# External Hard Drive



## tennisknight (Jun 7, 2012)

I currently have Directv with an added external hard drive via an eSATA cable. Can I take that hard drive and use it in a Premiere Tivo so I can watch my pre-recorded shows on that?

Thanks for anyone's help in advance!


----------



## logicman (Sep 14, 2005)

I believe the only external drive compatible with the Premiere is the Western Digital My Book AV which is once again available.


----------



## L David Matheny (Jan 29, 2011)

tennisknight said:


> I currently have Directv with an added external hard drive via an eSATA cable. Can I take that hard drive and use it in a Premiere Tivo so I can watch my pre-recorded shows on that?
> 
> Thanks for anyone's help in advance!


I believe that recordings on any TiVo hard drive are viewable only on the particular TiVo that recorded them. So if you mean could you watch old shows already recorded on your external drive by connecting it to a Premiere, then no. And there's also the compatibility issue mentioned by logicman.


----------



## ThAbtO (Apr 6, 2000)

Your recordings will be deleted when you remove the drive the Tivo.


----------



## jrlbc06 (Apr 29, 2012)

If I'm upgrading from HD to Premiere XL4, can I remove the drive from the HD and plug it into the Premiere to expand its capacity? I know the recordings won't transfer. Does it need to be formatted first to erase the current content?

Is it worth doing if the drive is > 2 years old or would I likely be running the risk of it failing shortly and losing the recordings.


----------



## jrtroo (Feb 4, 2008)

No, this will not work. As noted above in post #2, ONLY the Western Digital My Book AV external drive solution works with a Premiere.


----------



## Ed_Hunt (Jan 2, 2004)

You didn't say if you have a WD drive. If you do then yes you can move it to the premier, it will format itself when you plug it in. Dives can last far more than 2 years, their downfall is generally heat so make sure it has circulation around it.



jrlbc06 said:


> If I'm upgrading from HD to Premiere XL4, can I remove the drive from the HD and plug it into the Premiere to expand its capacity? I know the recordings won't transfer. Does it need to be formatted first to erase the current content?
> 
> Is it worth doing if the drive is > 2 years old or would I likely be running the risk of it failing shortly and losing the recordings.


----------



## jrlbc06 (Apr 29, 2012)

Sorry yeah I wasn't clear.

I do have the WD expander on the HD and that was what I was talking about moving. Thanks.


----------



## jrtroo (Feb 4, 2008)

The additional clarity helps address your question, but it still would not work. The TiVo looks at the total storage as one big drive, and shows are saved across both of the drives (internal/external). Once disconnected, it is treated as being empty when connecting to a new unit.

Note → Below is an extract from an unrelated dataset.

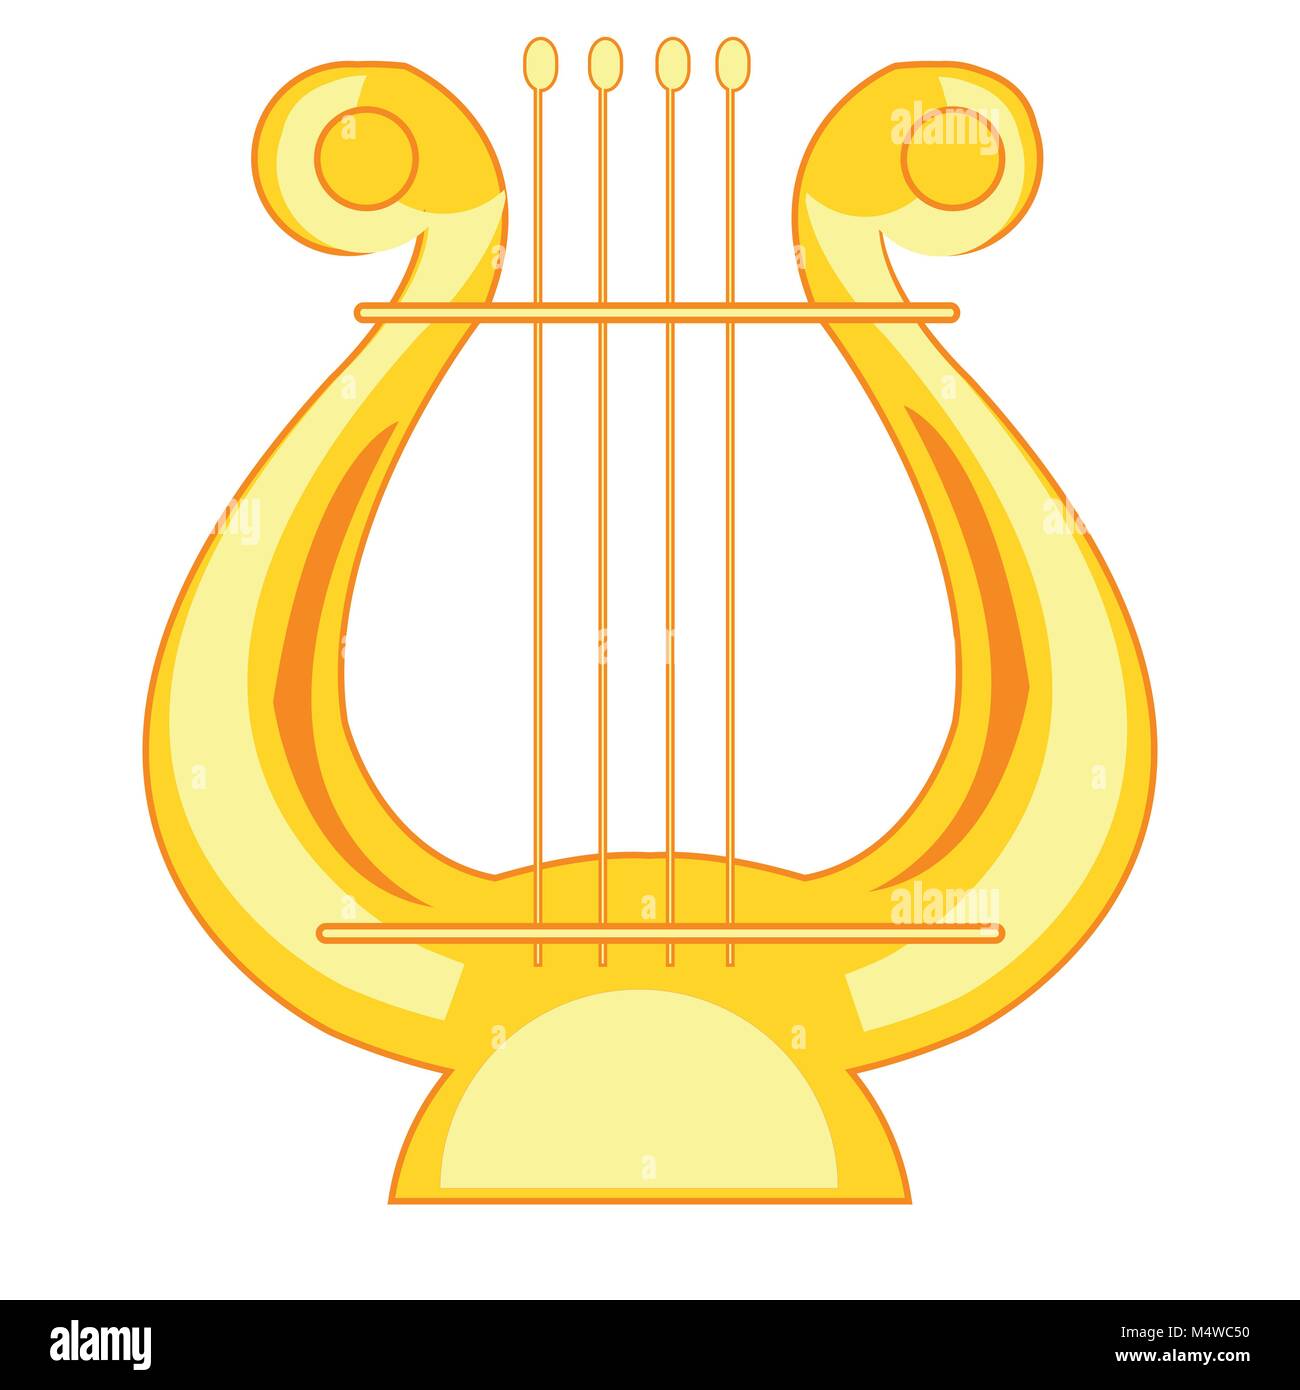 Lira instrument Cut Out Stock Images & Pictures - Alamy

If you have the rights, you can save to a PC or keep both units active for a period and transfer the content.


----------



## jrlbc06 (Apr 29, 2012)

As I said in my original question, I am not looking to transfer content. I am simply asking if I can use the drive to expand the capacity of the new Tivo.


----------



## unitron (Apr 28, 2006)

jrlbc06 said:


> As I said in my original question, I am not looking to transfer content. I am simply asking if I can use the drive to expand the capacity of the new Tivo.

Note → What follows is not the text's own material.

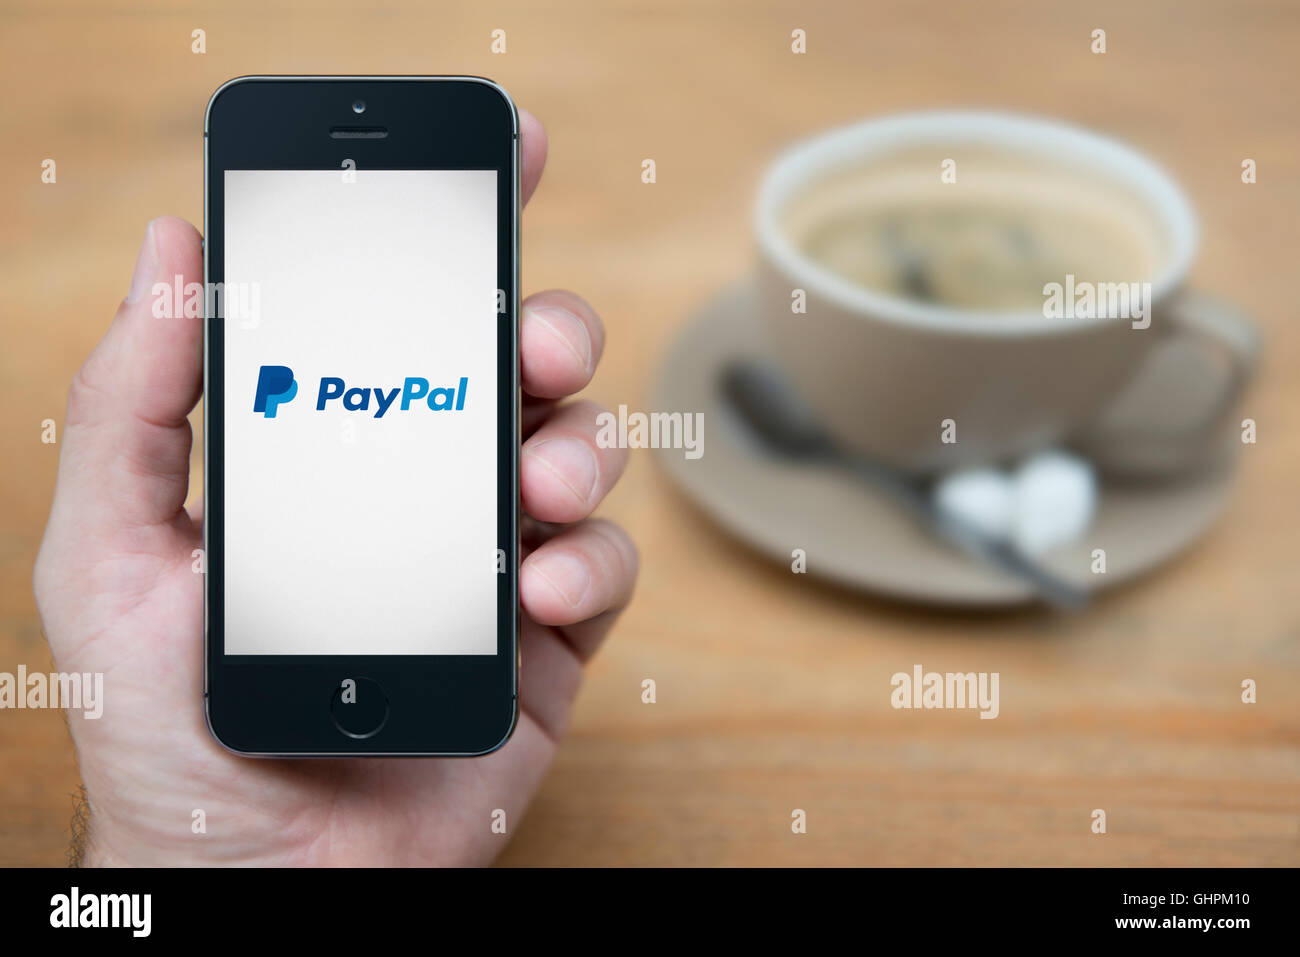 A man looks at his iPhone which displays the PayPal logo, while sat with a cup of coffee (Editorial use only). Stock Photo

I seem to recall seeing something a few months back about two different models of WD eSATA externals that were extremely similar and one was for DTV boxes and one was the TiVo one, and the one for DTV boxes would not be accepted by the TiVo.

So get the exact model number from tivo.com and see if it matches exactly with what you've got.


----------



## Ed_Hunt (Jan 2, 2004)

unitron said:


> I seem to recall seeing something a few months back about two different models of WD eSATA externals that were extremely similar and one was for DTV boxes and one was the TiVo one, and the one for DTV boxes would not be accepted by the TiVo.
> 
> So get the exact model number from tivo.com and see if it matches exactly with what you've got.

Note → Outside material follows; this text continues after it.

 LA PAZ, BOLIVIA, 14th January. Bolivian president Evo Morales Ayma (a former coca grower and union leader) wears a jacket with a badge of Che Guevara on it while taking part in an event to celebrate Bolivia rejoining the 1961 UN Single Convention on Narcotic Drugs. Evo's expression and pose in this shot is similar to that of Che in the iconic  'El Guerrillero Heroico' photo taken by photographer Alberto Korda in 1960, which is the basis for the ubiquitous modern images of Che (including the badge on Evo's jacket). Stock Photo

He was already using it on an S3 so it's the right one.


----------



## unitron (Apr 28, 2006)

Ed_Hunt said:


> He was already using it on an S3 so it's the right one.


I didn't notice that jrlbc06 had piggybacked onto tennisknight's original post, and when jrtroo says "No, this will not work." I'm not absolutely certain to which one *he*'s replying.


----------



## jrtroo (Feb 4, 2008)

Yes, the piggybacking threw me off too. I went to the top, read the OP, and answered. 

I'll note that the poster jrlbc06 stated they knew the recordings would not "transfer" (in this context this appeared to mean recordings on the external drive), but did not note anything about intentions to transfer generally. ("won't transfer" is different than "I have no plans to transfer")


----------



## jrlbc06 (Apr 29, 2012)

Sorry for the confusion, didn't want to start a new thread. I appreciate the advice anyway!


----------